§ **Brief**
From the line with "2019 Model Range Rover Sport 2.0 HSE Plus-15" through the final line, please write out the listing exactly, including both of those lines.

§ **Task input**
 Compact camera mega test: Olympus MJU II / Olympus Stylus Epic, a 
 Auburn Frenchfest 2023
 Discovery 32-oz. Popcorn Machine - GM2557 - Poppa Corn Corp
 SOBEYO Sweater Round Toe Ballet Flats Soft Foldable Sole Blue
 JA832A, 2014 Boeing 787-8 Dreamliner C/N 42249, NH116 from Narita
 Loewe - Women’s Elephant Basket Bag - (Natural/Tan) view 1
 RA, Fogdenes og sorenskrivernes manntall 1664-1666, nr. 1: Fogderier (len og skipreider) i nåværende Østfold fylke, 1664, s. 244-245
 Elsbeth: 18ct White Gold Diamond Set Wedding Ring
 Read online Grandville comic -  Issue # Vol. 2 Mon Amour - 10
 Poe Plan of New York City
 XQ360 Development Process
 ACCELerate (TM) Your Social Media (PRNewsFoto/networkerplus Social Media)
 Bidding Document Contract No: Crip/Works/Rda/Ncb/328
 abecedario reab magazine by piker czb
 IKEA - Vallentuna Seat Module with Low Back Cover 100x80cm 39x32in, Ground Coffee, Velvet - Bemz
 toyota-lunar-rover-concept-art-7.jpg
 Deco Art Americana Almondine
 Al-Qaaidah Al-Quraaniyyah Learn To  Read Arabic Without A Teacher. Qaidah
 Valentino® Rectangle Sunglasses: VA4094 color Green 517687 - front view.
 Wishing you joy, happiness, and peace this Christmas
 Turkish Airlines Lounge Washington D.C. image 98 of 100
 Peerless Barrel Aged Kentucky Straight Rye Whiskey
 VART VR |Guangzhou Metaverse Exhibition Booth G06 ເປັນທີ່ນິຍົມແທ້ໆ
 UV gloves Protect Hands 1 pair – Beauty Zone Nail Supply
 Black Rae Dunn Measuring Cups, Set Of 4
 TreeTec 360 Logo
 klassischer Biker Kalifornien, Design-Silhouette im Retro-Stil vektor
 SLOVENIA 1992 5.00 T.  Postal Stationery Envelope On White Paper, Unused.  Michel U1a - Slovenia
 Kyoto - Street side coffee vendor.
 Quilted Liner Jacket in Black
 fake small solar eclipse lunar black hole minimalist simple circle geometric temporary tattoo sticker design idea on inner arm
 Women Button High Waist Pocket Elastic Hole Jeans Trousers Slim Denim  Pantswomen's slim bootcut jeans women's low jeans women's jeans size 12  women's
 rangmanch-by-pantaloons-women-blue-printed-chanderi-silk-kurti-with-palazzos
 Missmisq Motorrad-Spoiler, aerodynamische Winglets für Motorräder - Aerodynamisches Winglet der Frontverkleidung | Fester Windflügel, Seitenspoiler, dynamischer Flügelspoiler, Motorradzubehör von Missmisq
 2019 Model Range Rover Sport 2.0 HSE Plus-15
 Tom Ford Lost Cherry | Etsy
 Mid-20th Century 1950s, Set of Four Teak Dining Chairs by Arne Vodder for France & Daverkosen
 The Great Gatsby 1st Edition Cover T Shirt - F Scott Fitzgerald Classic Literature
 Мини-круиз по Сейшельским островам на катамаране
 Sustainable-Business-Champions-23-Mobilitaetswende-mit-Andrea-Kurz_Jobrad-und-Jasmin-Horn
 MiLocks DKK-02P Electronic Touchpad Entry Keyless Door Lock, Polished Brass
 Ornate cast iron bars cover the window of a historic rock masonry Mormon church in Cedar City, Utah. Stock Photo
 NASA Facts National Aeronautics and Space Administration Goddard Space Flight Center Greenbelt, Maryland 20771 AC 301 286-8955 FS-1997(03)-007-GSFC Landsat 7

§ **Response to the exercise**
 2019 Model Range Rover Sport 2.0 HSE Plus-15
 Tom Ford Lost Cherry | Etsy
 Mid-20th Century 1950s, Set of Four Teak Dining Chairs by Arne Vodder for France & Daverkosen
 The Great Gatsby 1st Edition Cover T Shirt - F Scott Fitzgerald Classic Literature
 Мини-круиз по Сейшельским островам на катамаране
 Sustainable-Business-Champions-23-Mobilitaetswende-mit-Andrea-Kurz_Jobrad-und-Jasmin-Horn
 MiLocks DKK-02P Electronic Touchpad Entry Keyless Door Lock, Polished Brass
 Ornate cast iron bars cover the window of a historic rock masonry Mormon church in Cedar City, Utah. Stock Photo
 NASA Facts National Aeronautics and Space Administration Goddard Space Flight Center Greenbelt, Maryland 20771 AC 301 286-8955 FS-1997(03)-007-GSFC Landsat 7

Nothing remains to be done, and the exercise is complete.